Neumann's cycle is tremendously atmospheric. I find the sound slightly recessed, as if the engineers felt obliged to tame Martinu's exuberant orchestration. (I think the same about the Jarvis cycle.)

Behohlavek's cycle on Onyx captures the rambunctious nature of the symphonies but, like Neumann, the quiet inward core of the slow movements are also beautifully expressed.

I'm also much taken with Cornelius Meister's Vienna Radio Symphony set on Capriccio. The knee jerk reaction of critics was to wail "too German!", but I actually find his approach very similar to Ancerl's. A shame we don't have a complete set from Ancerl.

I think you'll be happy with any of these sets.


----------



## Joachim Raff (Jan 31, 2020)

joen_cph said:


> Hear Neumann in the 6th before deciding, at least.

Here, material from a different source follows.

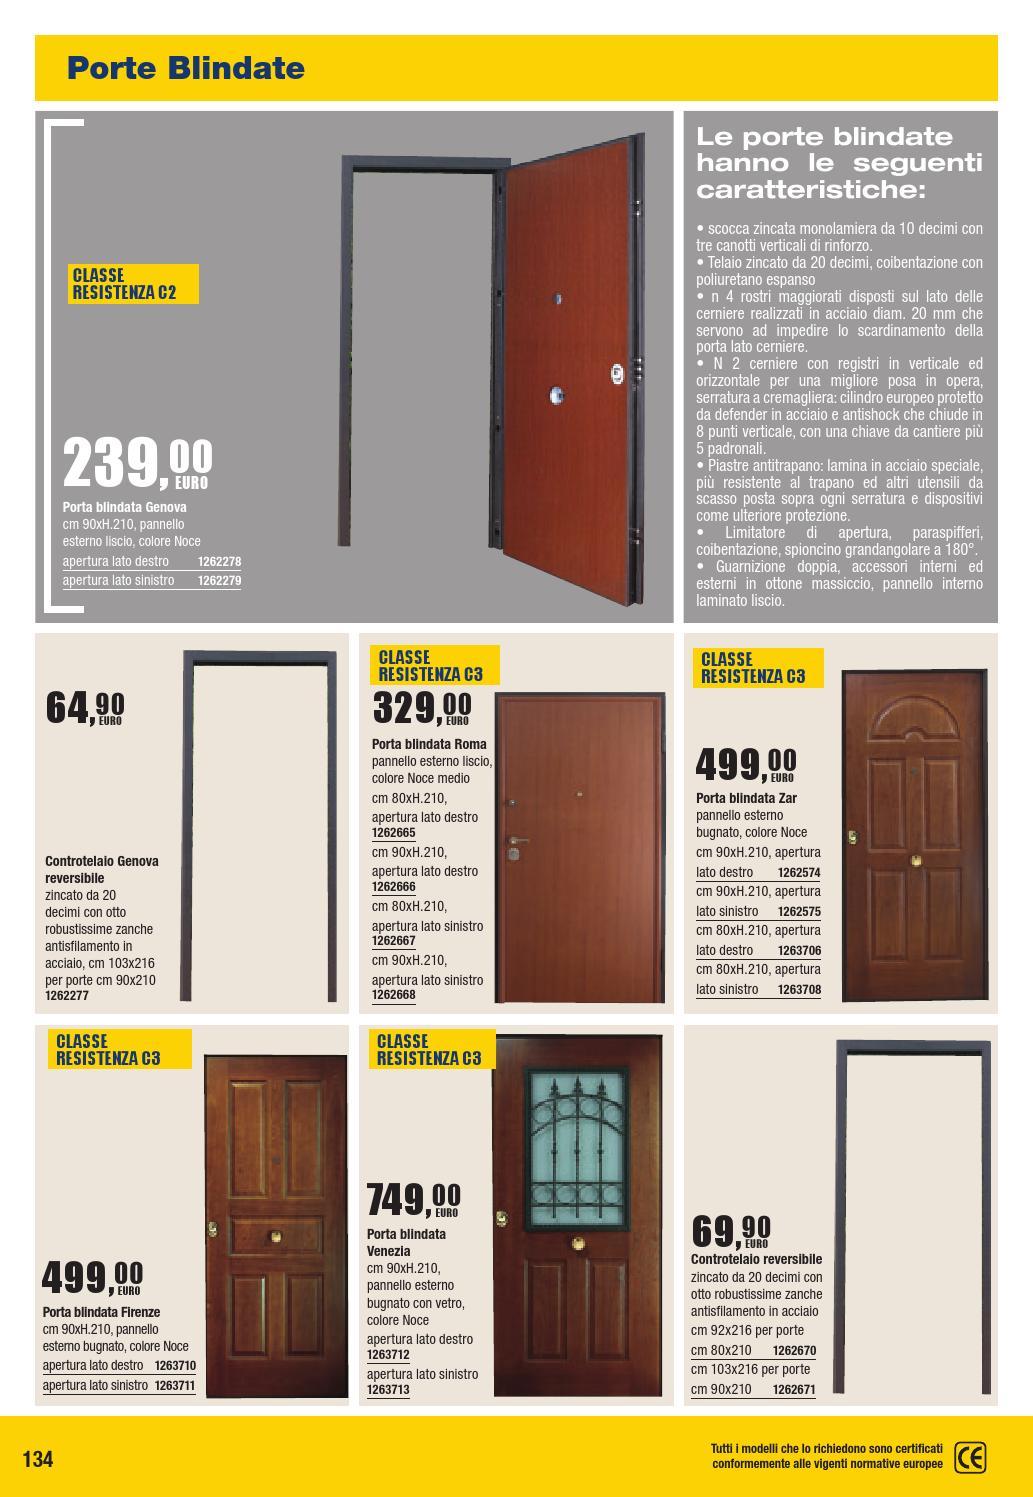 Colori Pannelli Porte Blindate catalogo tecnico by bricofer italia spa - issuu
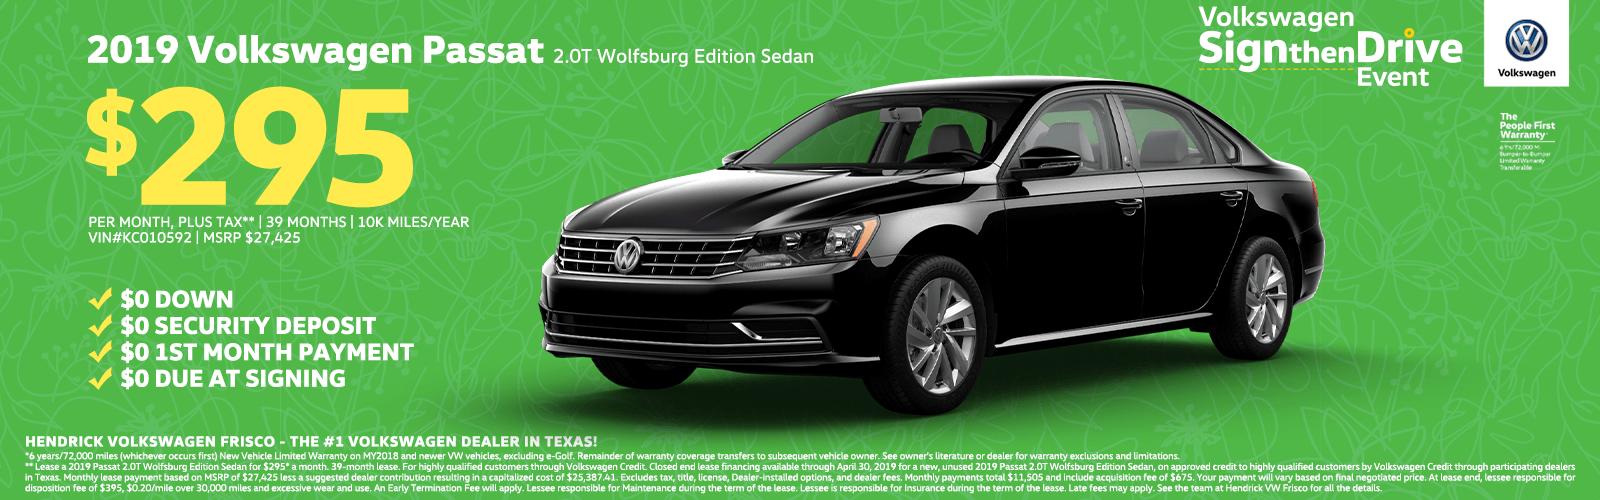 2019 Volkswagen Passat 2.0T Wolfsburg Edition Sedan $295 Homepage

Your comment interests me. How would you compare it to Jarvi? I find Jarvi's Cycle a little disappointing, apart from the sixth which his open engaging approach suits the music in my subjective view.


----------



## littlejohnuk1 (5 mo ago)

Just going through the Naxos Arthur Fagen series


----------



## SONNET CLV (May 31, 2014)

We (mostly) all seem to have the Neumann set. Maybe you should, too.

(I'm glad to see someone mentioned the Ančerl recordings. I have only the First, Fifth and Sixth by him and his Czech Philharmonic forces, but they remain contenders.) 

Too, I see I have the Bryden Thomson set on my disc shelf. I should probably revisit that one. The problem is, I've never been the biggest Martinů symphonies fan. Still, these pieces prove a refreshing change from the ordinary with each visit. There really is nothing else quite like the Martinů symphonies.


----------